Natural gas is most commonly produced by drilling into the Earth's crust. A well or borehole is drilled into pockets of natural gas that have been trapped below the surface of the Earth. The natural gas is then compressed or piped to the Earth's surface. Once the gas is brought to the surface, it is refined to remove impurities, like water, other gasses, and sand. Then it is transmitted through large pipelines that span the continent and the world. In fact, natural gas has become a very important commodity.
Natural gas is supplied by many producers and utilized by many users. Factories and electric power plants may get gas directly from the pipeline using arrangements made through a marketer, supplier or producer. Residential and smaller businesses generally buy gas from a local distribution company or utility. Just like any other commodity, natural gas must be produced, sold and shipped to its end users. However, unlike other commodities, natural gas cannot be stored by the customer or by the producer in a warehouse until it is utilized. Because of the difficulty of storage, contracts of various types between producers, users, and third parties may be utilized to allocate the duties and costs and risks in the event of disruptions in either the supply or the demand. Disruptions may occur on a very short term basis. Various arrangements between the producers and users such as fixed prices, indexed prices, caps, take or pay arrangements, and the like may be utilized. In any event, a disruption will mean that one party or another may lose money if either a producer's supply is interrupted and/or a user's demand is interrupted. Many reasons for short term disruptions exist and may include plant maintenance or breakdowns, gas well problems, pipeline problems in one section of the pipeline, and the like.
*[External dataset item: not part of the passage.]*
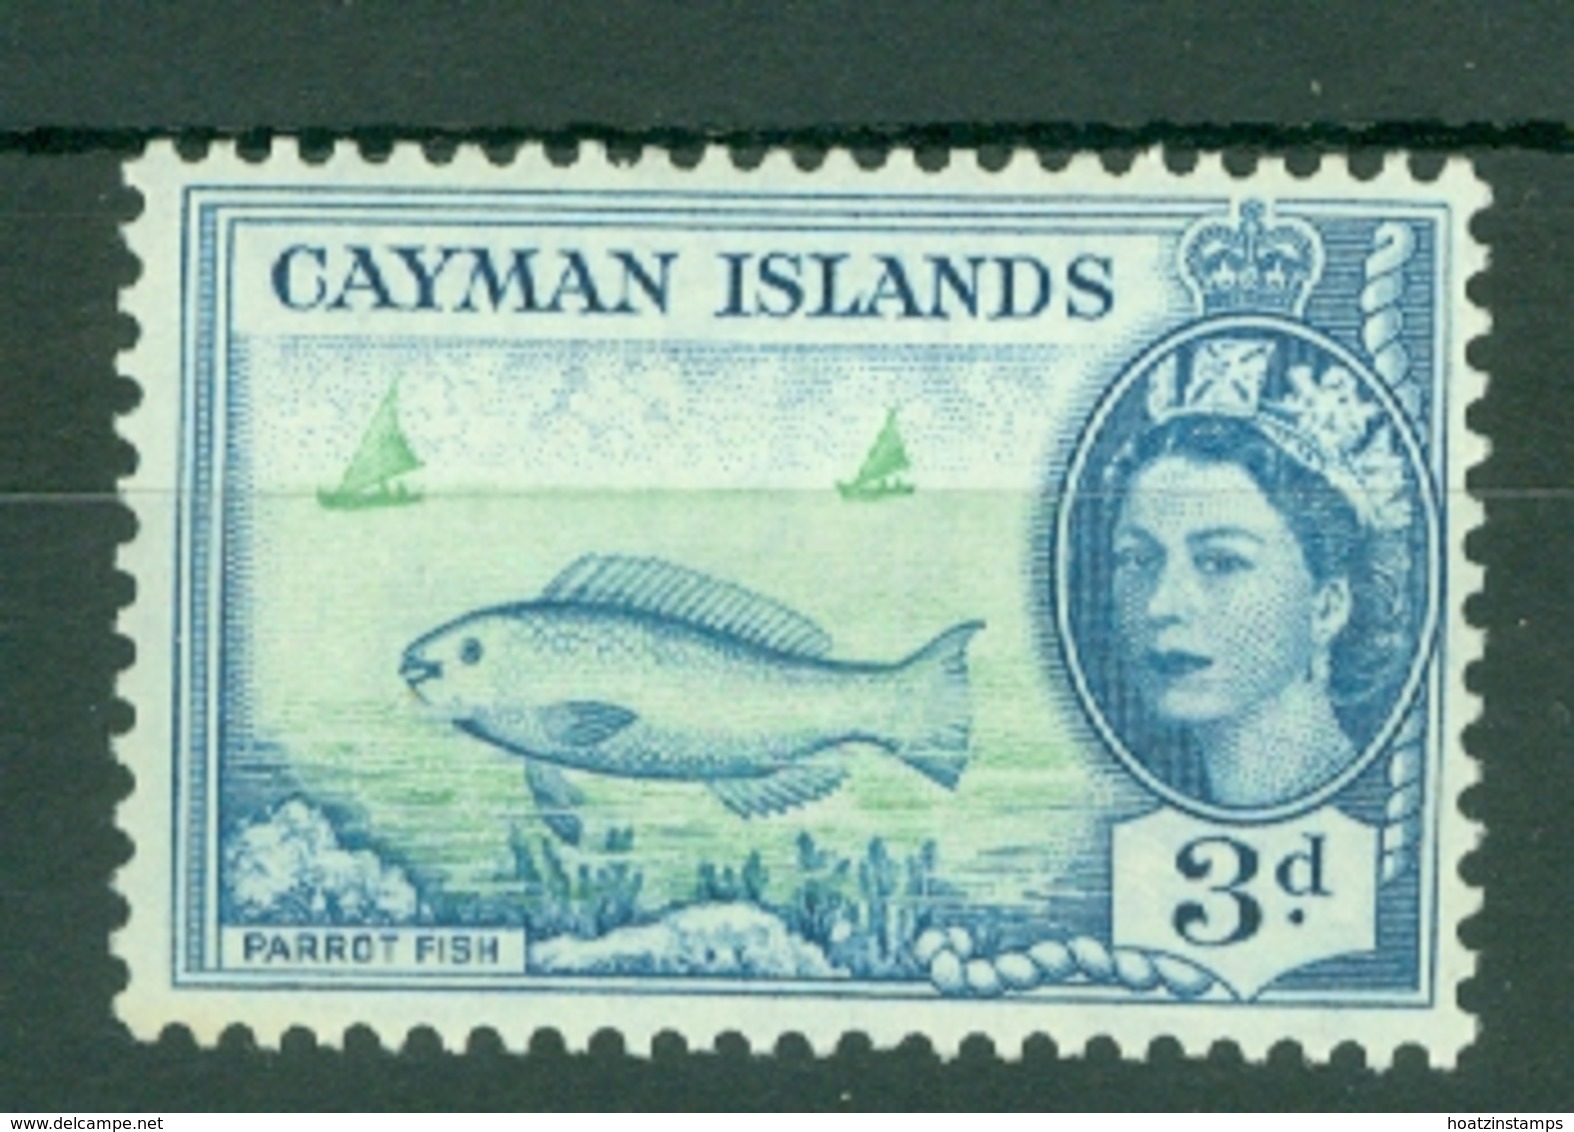 Cayman Islands: 1953/62   QE II - Pictorial   SG154   3d     MNH - Cayman Islands

One means for limiting risk, or profiting from such disruptions in supply and demand, involves trading in various contracts, derivatives, futures, storage rights, and the like related to gas. Generally, even in the short term, many purchasers and suppliers are available for this purpose, and assuming a price can be agreed upon, the supply and demand caused by the various disruptions can be matched. Thus, even in the short term, the interruptions on the supplier end will often be substantially equal to the disruptions on the demand end. In this case the buy and sells of the various contracts in gas can be matched. If the supply is roughly equal to the demand, then the gas prices tend to remain more stable. On the other hand, if the supply is not equal to the in the short term demand, then short term price fluctuations, and losses to one party or another, can be quite high. Moreover, if a trader takes a short term position he will typically not know what disruptions, either in the supply or demand, may occur in the future. Thus, it would be highly advantageous to the trader to know with high certainty that the capability for either accepting or producing large quantities of gas is ultimately available to avoid the likelihood of large losses by being on the wrong side of a trade.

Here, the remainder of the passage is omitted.